§ **Records for processing**:
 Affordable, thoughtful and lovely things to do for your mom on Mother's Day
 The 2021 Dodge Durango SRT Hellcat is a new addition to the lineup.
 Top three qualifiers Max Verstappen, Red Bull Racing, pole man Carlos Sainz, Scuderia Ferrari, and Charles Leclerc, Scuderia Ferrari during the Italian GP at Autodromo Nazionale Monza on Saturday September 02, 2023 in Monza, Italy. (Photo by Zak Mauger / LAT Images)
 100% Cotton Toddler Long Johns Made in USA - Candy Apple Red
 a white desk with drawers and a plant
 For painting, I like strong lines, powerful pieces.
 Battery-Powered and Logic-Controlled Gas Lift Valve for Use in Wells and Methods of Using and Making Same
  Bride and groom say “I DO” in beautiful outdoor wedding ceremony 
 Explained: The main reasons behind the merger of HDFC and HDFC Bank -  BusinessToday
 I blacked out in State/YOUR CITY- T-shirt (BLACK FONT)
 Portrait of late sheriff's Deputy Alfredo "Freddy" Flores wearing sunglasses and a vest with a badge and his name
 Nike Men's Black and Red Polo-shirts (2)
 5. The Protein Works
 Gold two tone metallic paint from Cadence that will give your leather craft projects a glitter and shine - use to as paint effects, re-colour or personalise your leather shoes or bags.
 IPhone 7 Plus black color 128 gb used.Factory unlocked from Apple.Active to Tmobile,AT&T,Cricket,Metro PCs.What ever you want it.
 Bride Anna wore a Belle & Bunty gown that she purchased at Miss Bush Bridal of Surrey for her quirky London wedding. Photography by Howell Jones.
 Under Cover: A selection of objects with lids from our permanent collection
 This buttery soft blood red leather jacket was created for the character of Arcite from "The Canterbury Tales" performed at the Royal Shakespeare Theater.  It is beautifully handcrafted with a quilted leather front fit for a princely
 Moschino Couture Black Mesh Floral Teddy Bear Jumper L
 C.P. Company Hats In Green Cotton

§ **Exercise aim**:
Starting at the line that holds "Bride and groom", set down each line exactly through the last line of the records above, and no others.

§ **Task output**:
  Bride and groom say “I DO” in beautiful outdoor wedding ceremony 
 Explained: The main reasons behind the merger of HDFC and HDFC Bank -  BusinessToday
 I blacked out in State/YOUR CITY- T-shirt (BLACK FONT)
 Portrait of late sheriff's Deputy Alfredo "Freddy" Flores wearing sunglasses and a vest with a badge and his name
 Nike Men's Black and Red Polo-shirts (2)
 5. The Protein Works
 Gold two tone metallic paint from Cadence that will give your leather craft projects a glitter and shine - use to as paint effects, re-colour or personalise your leather shoes or bags.
 IPhone 7 Plus black color 128 gb used.Factory unlocked from Apple.Active to Tmobile,AT&T,Cricket,Metro PCs.What ever you want it.
 Bride Anna wore a Belle & Bunty gown that she purchased at Miss Bush Bridal of Surrey for her quirky London wedding. Photography by Howell Jones.
 Under Cover: A selection of objects with lids from our permanent collection
 This buttery soft blood red leather jacket was created for the character of Arcite from "The Canterbury Tales" performed at the Royal Shakespeare Theater.  It is beautifully handcrafted with a quilted leather front fit for a princely
 Moschino Couture Black Mesh Floral Teddy Bear Jumper L
 C.P. Company Hats In Green Cotton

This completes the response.